The battle between Exxon and the Koch family has a long history. The Koch brothers do not like big oil; they will continue to attack Republican's who support government efforts to reduce carbon emissions.  This will create a wedge within the Republican Party between party members who align with Exxon and the blue chip corporations who are also basing their business strategies on the  assumption of a carbon tax,  and Tea Party aligned Republicans who do not accept global warming and have convinced their base that government intervention into markets is an attack on personal liberty.  The Republican Party has historically been the party of big business.  It will be difficult for the party to deal with rational businesses like GE, Microsoft etc. who have joined with Exxon in assuming a cost of carbon emissions, and the irrational forces within the Tea Party base who will be reluctant to concede that they have been wrong about global warming.

Wednesday, December 4, 2013

The Future Of Economic Growth

The recent discussions about secular stagnation has focused some attention on the causes of stagnation and whether it is permanent.  Brad DeLong reviews several books which suggest that the period of steady economic growth are over and he gives his reasons for being more optimistic about the future.  This is a long article that I will not attempt summarize.  It is well worth the time that it will take to read and digest it.  One of the things that I liked about DeLong's essay is that he redefines the relationship of growth based upon growth in GDP per capita, to growth in well being.  The real purpose of an economy is to increase societal well being.  That is more difficult to measure than growth in GDP but its interesting to see how DeLong has analyzed the difference between growth in GDP and growth in well being.
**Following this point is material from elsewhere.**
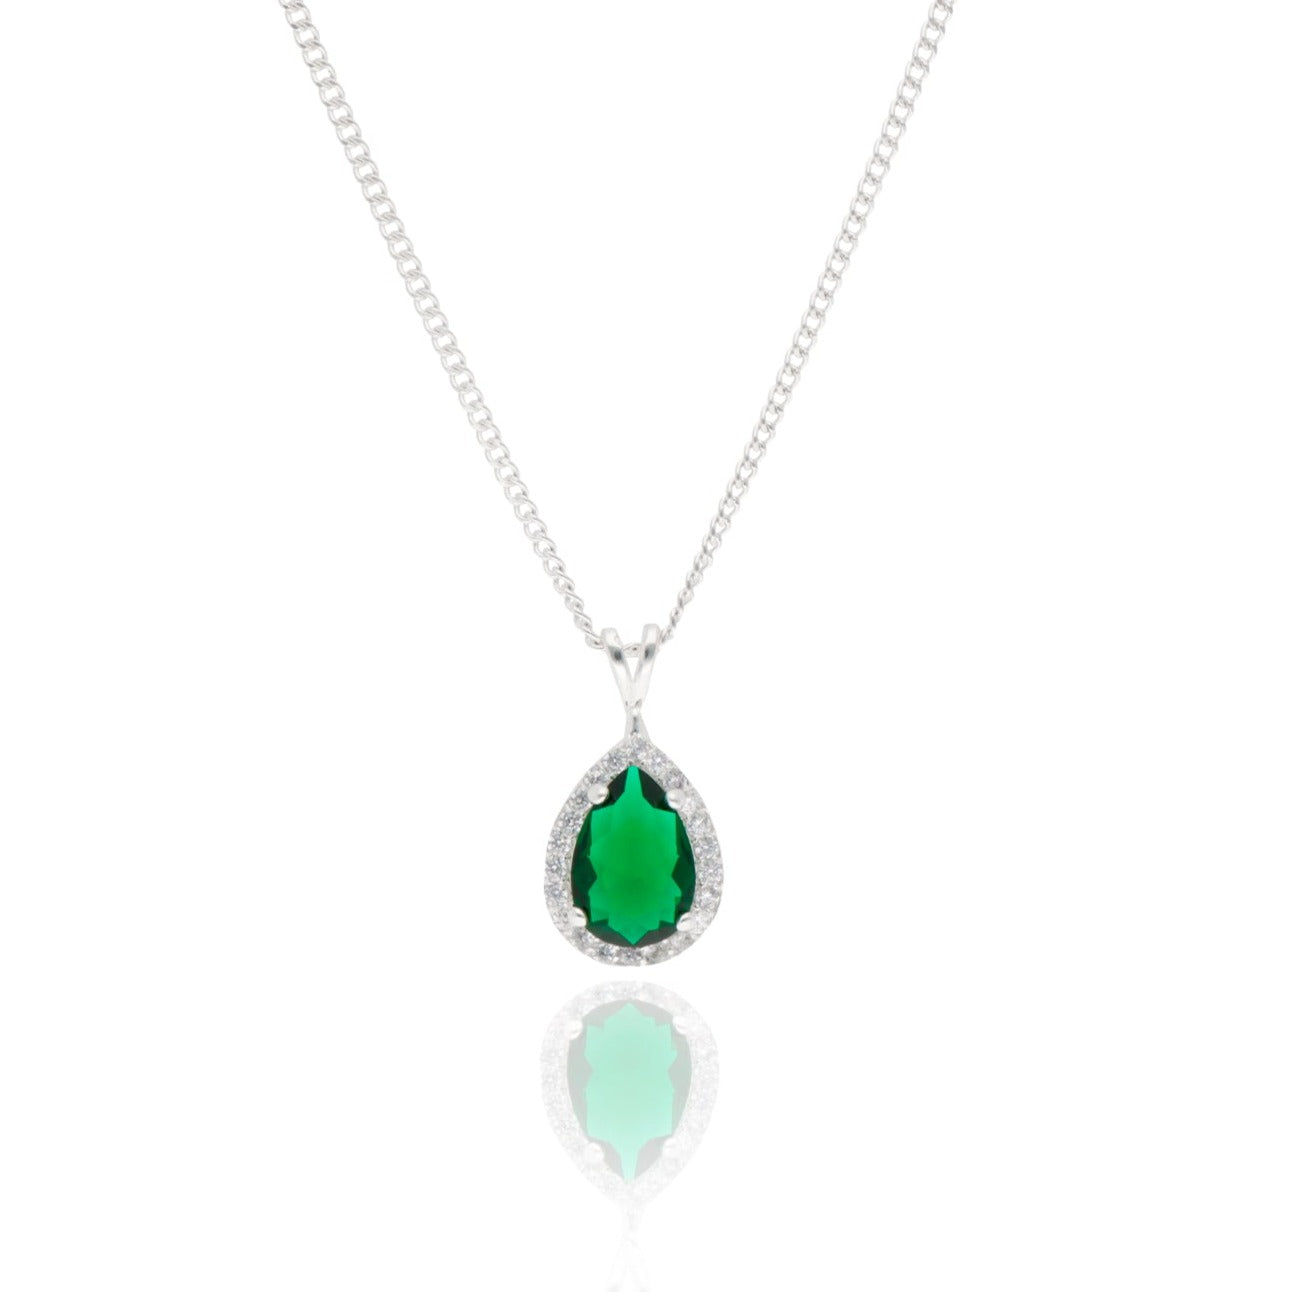 Polet necklace in silver with Green zirconia
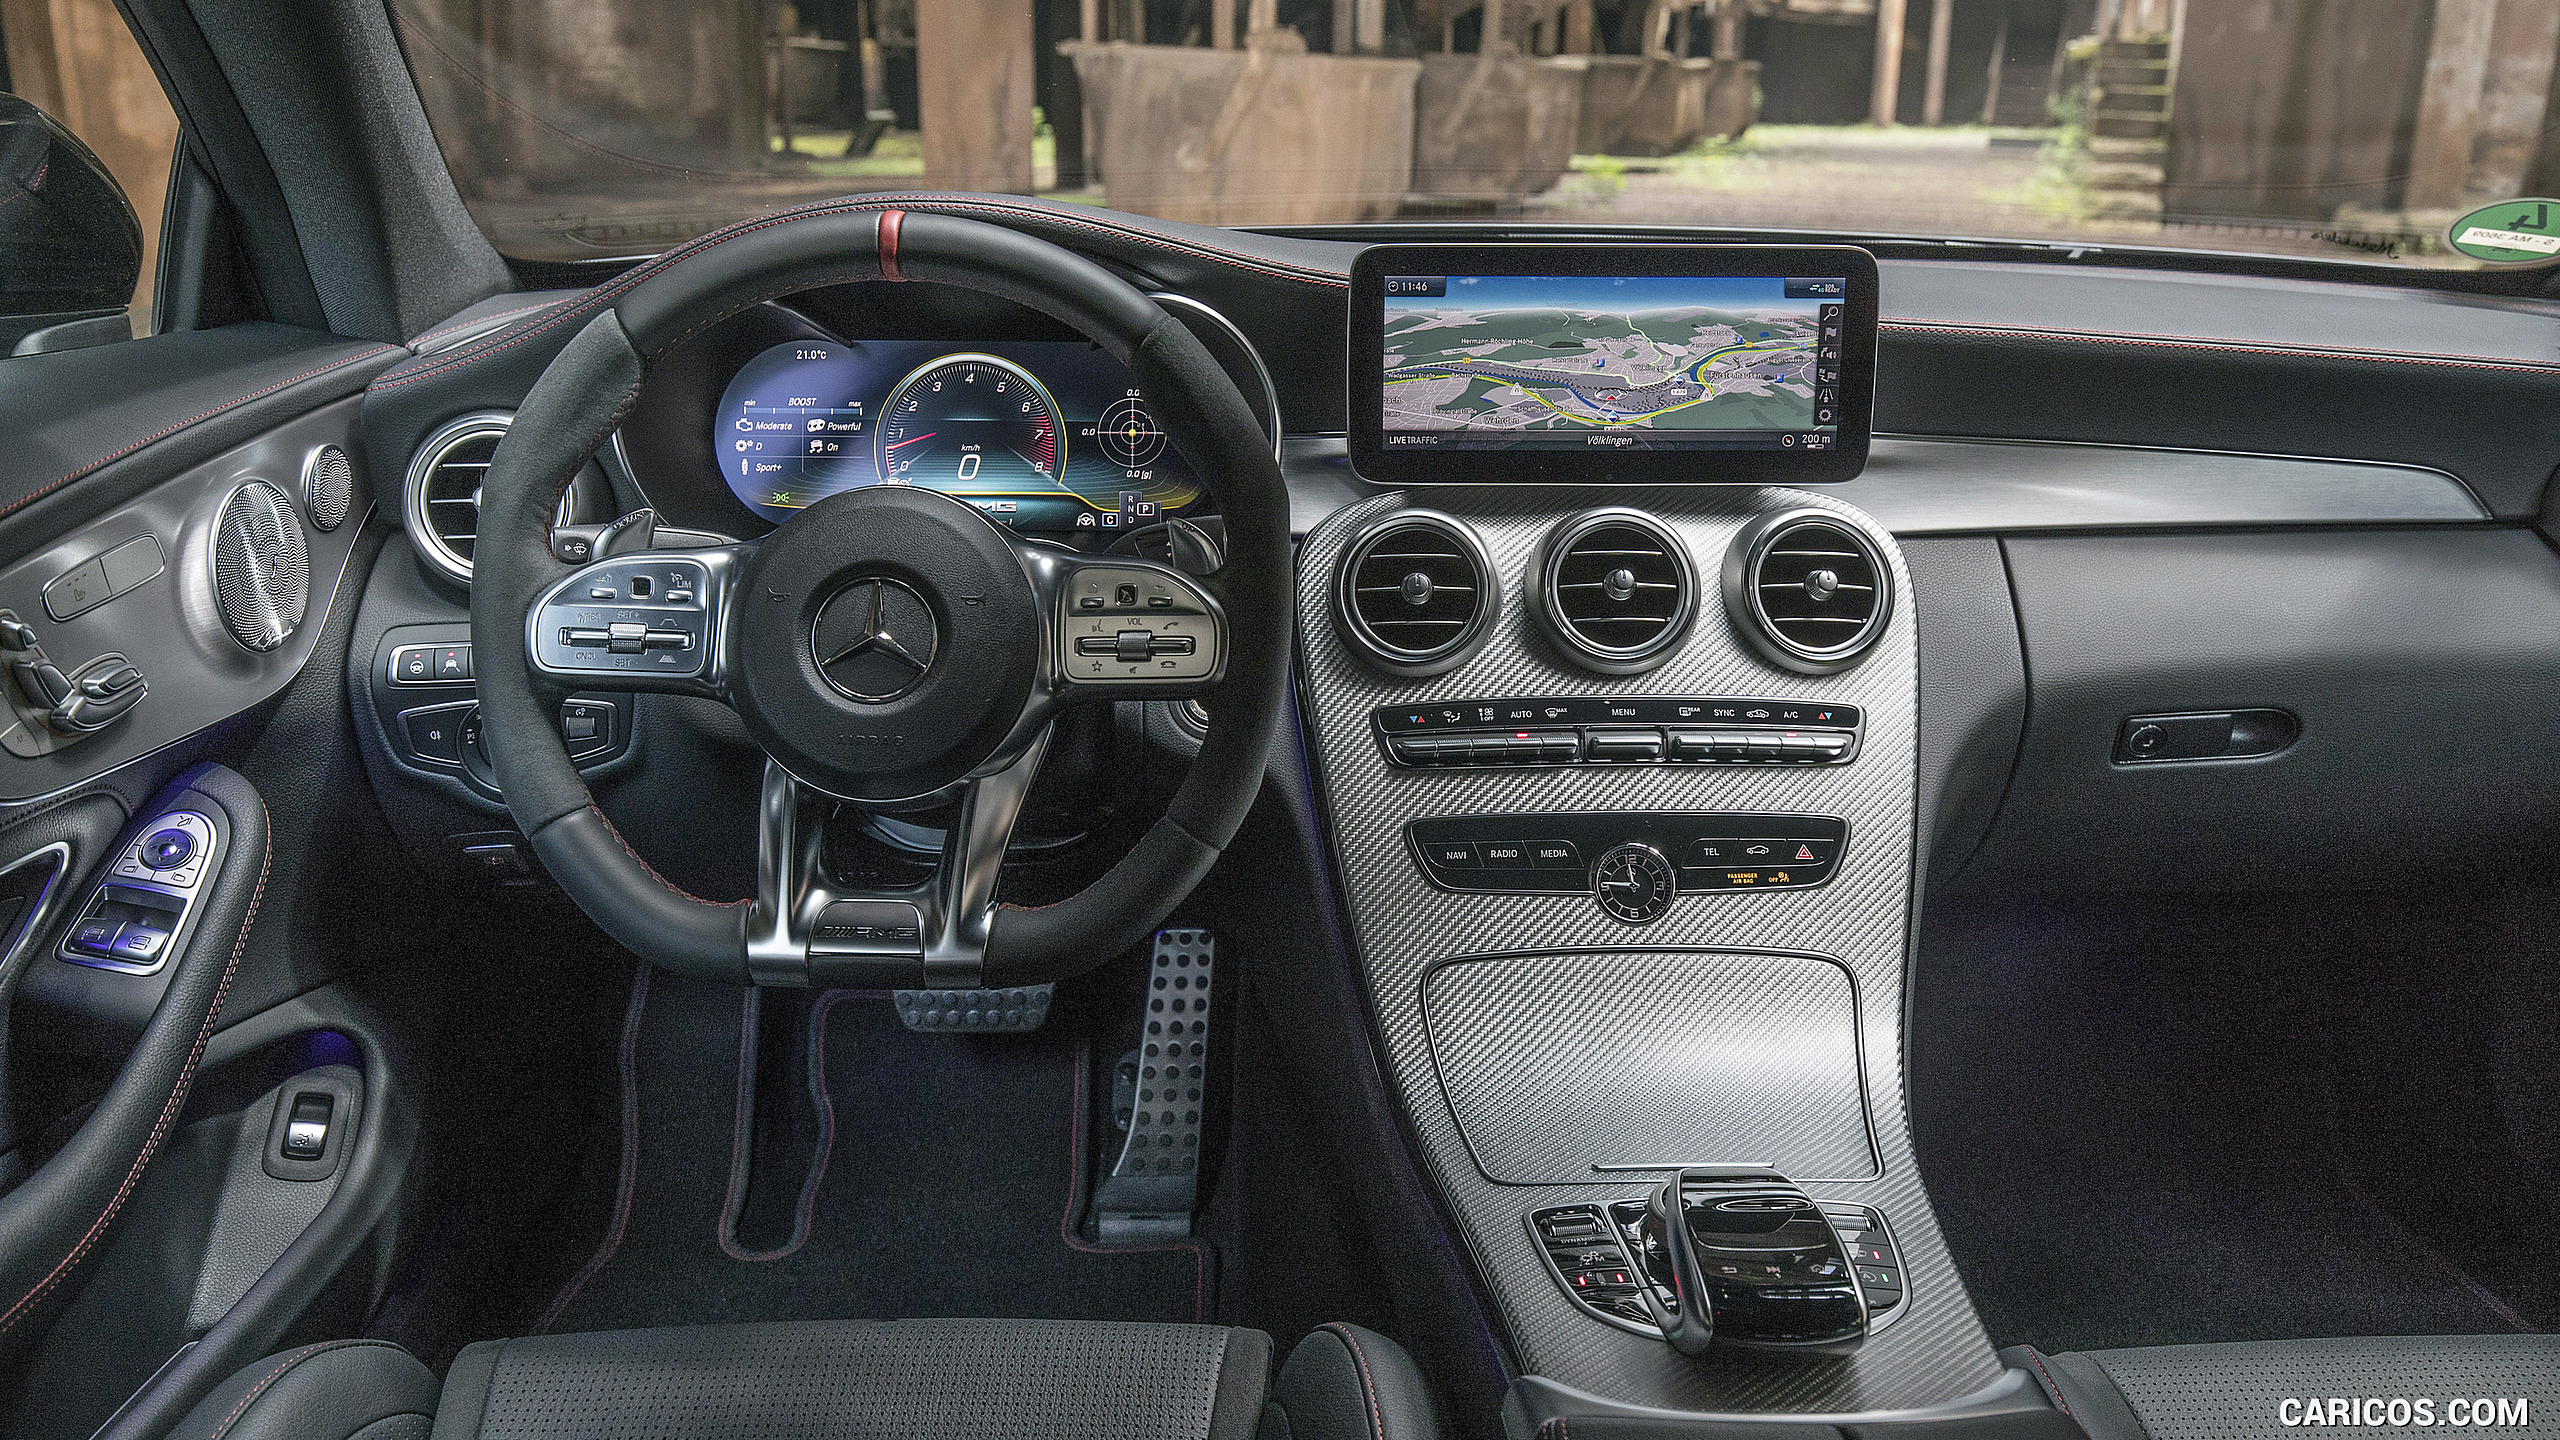 2019 Mercedes-AMG C43 4MATIC Coupe - Interior, Cockpit, #89 of 184

What Can We Learn From Greece's Success In Cutting Wages And Prices?

Yves Mersch, who is a member of the executive board at the European Central Bank, praised Greece's efforts at deflating wages and prices by imposing necessary, but painful, austerity.  He correctly argued that since Greece is in a monetary union, exports cannot be increased by currency devaluation; exports can only be increased by wage and price deflation.  This article raises questions about the effectiveness of wage and price deflation on export led economic growth in Greece.

Nominal wages have decreased by 23%, and real wages have fallen by 27.8% since their peak in the first quarter of 2010.  Imports have declined as a result of the decline in wages, but non-oil exports have been flat over this period.  Greece has improved its current account, but it has not been able to export its way out of recession.  Growth in exports have been well below the wage induced decline in domestic demand.

Tuesday, December 3, 2013

Why Protests In The Ukraine Are Picking Up Steam

Over 300,000 protesters marched against the repression of smaller protests over the government's rejection of a trade treaty with Europe.  This article and the comments that follow provide more background on the issues in Ukraine.

Is Japan Getting Ready For A Low Growth Future?

Popular opinion in Japan is against the use of nuclear energy.  Japan's macroeconomic policies, however, are geared to revive Japan's stalled economy.  The growth strategy, however, hinges on nuclear energy.  The conflict between energy policy and the growth strategy may signal the end of Japan as a high growth economy.

Where Have All The Savings Been Invested?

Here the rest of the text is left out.